Note: Notice that the parameter created in the previous step is referenced as the label_from_parameter and in the sql parameter. In the visualization tab, the timeframe option will show up as Month, Week, Date, rather than the name of the dimension (Dynamic Timeframe).

Now you can test the dynamic dimension in the Order Items Explore.

  1. Click Save Changes. Next, navigate to the Order Items Explore.

  2. Under the Order Items view, select the new Dynamic Timeframe dimension and the Order Count measure.

  3. Click on the filter icon next to the new Filter-Only Field called Select Timeframe

    Note: This is the Liquid parameter and is listed under the Order Items view above the Dimensions list.

  4. For the filter option at the top of the UI, leave “is” selected. Select Month from the drop-down menu.

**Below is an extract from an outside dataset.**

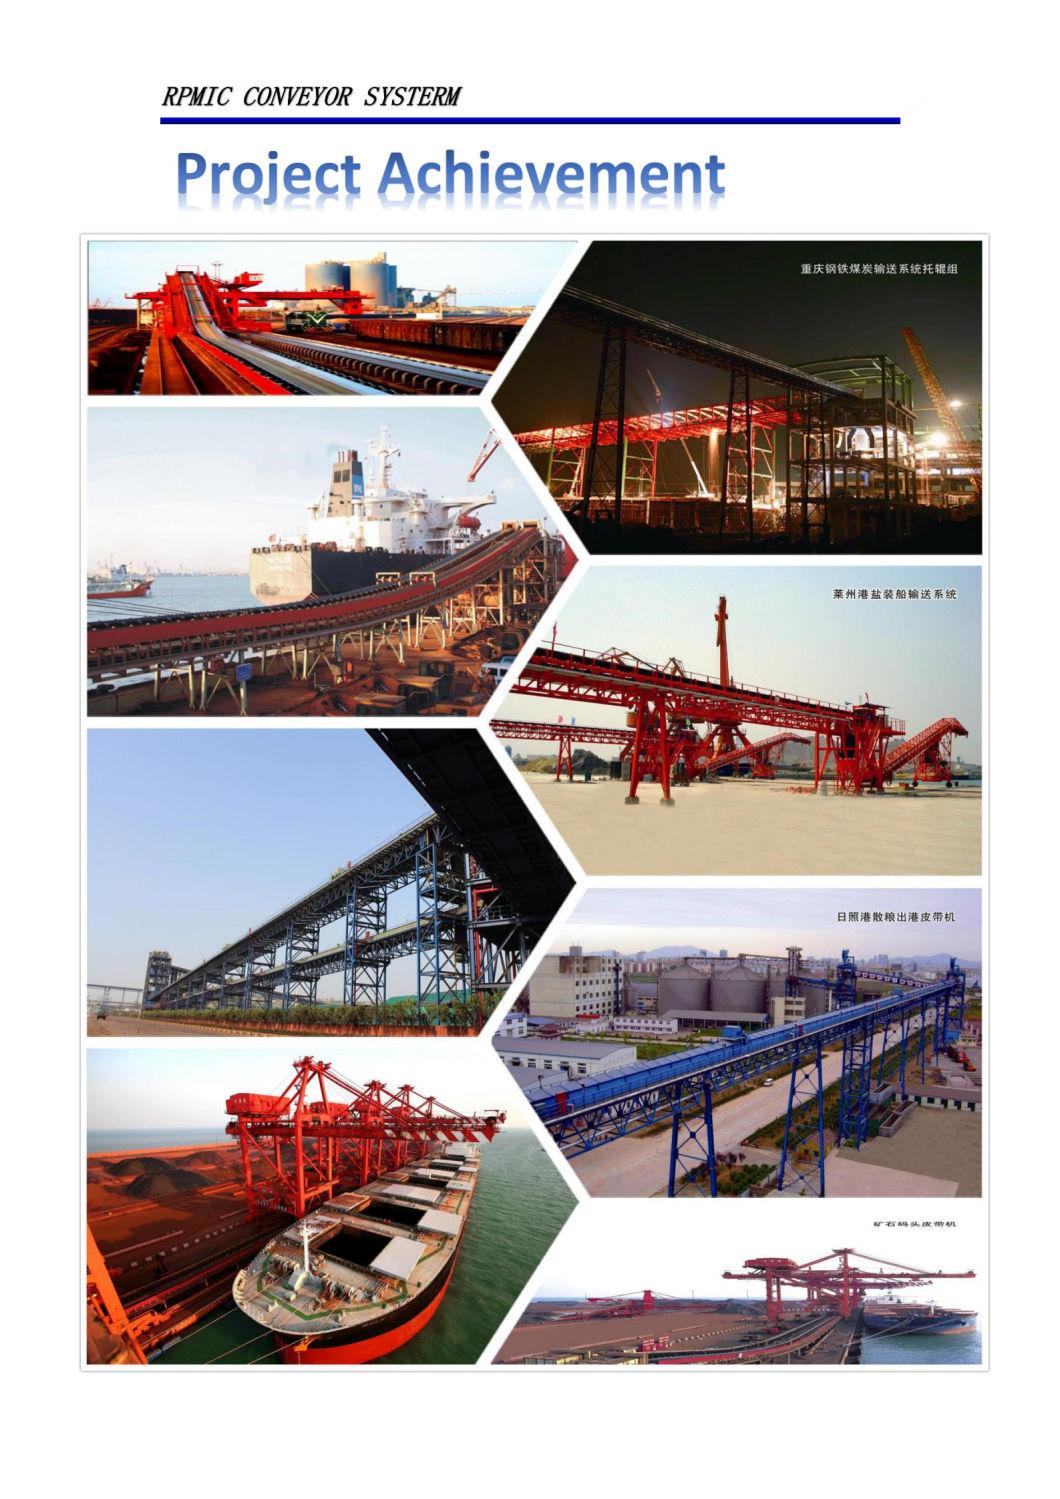 JIS/DIN Standard Steel Idler for Conveyor for Cement, Port, Power Plant Industries
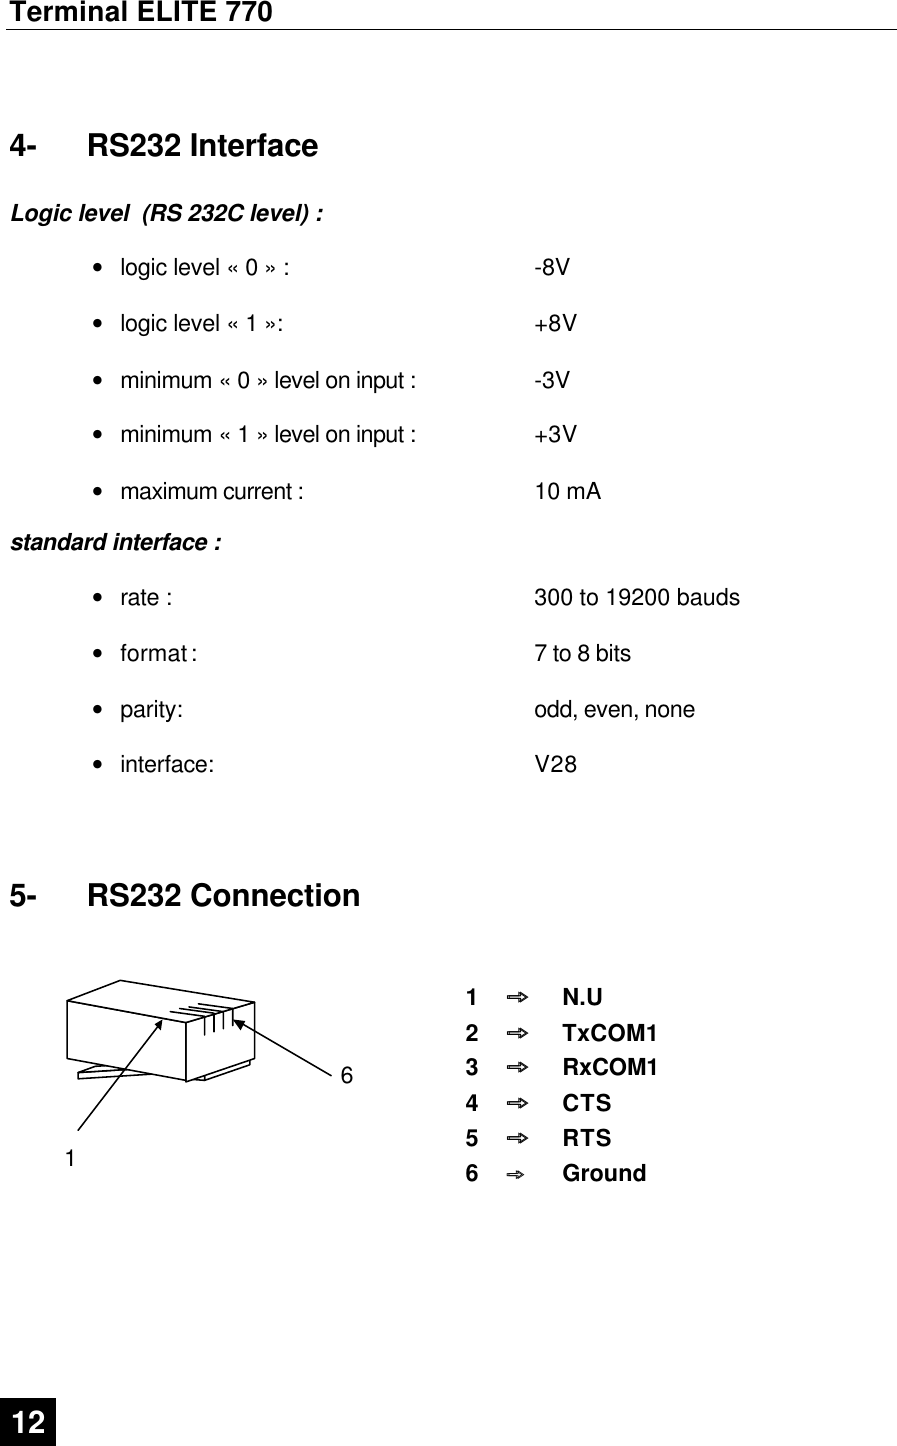 Terminal ELITE 770  12   4-  RS232 Interface  Logic level  (RS 232C level) :  • logic level « 0 » : -8V   • logic level « 1 »: +8V   • minimum « 0 » level on input : -3V   • minimum « 1 » level on input : +3V   • maximum current : 10 mA  standard interface :  • rate : 300 to 19200 bauds   • format :  7 to 8 bits   • parity: odd, even, none   • interface: V28   5-  RS232 Connection    6   1 1  þþ  N.U 2  þþ  TxCOM1 3  þþ  RxCOM1 4  þþ  CTS 5  þþ  RTS 6  þþ  Ground

Filters(1) dialog box with order items select timeframe set to is month

  1. Click Run to see the results. You can also now click on the SQL tab to review the SQL.

Results page displaying ten rows of information under the Oder items: Dynamic timeframe and Oder items: Order count columns

  1. Next, select the Week and Date filters. Click Run to see the updated results for each of them.

  2. For each run, click the SQL tab to review how the parameter is changing and is inserted into the SQL query.

  3. Navigate back to the Order Items view.

Commit changes and deploy to production

  1. Click Validate LookML and then click Commit Changes & Push.

  2. Add a commit message and click Commit.

  3. Lastly, click Deploy to Production.

Click Check my progress to verify that you've performed the above task.

Create a dynamic dimension using a Liquid parameter

Check my progress

Task 3. Create a dynamic dimension using templated filters

Templated filters follow the same logical pattern as parameters. Again, the major difference is that templated filters allow end users to choose from a number of filter operators. For the number data type, that could be “is equal to,” “is greater than,” “is between,” and so on.

In filters, values are not hard-coded; they are entered by users and then passed onto the generated SQL query. However, you can display a drop-down menu of options by specifying an explore and dimension in the filter definition.

In this section, you will create a dynamic dimension that takes an input value for product category and creates two groups in the results: the original category selected and all other categories.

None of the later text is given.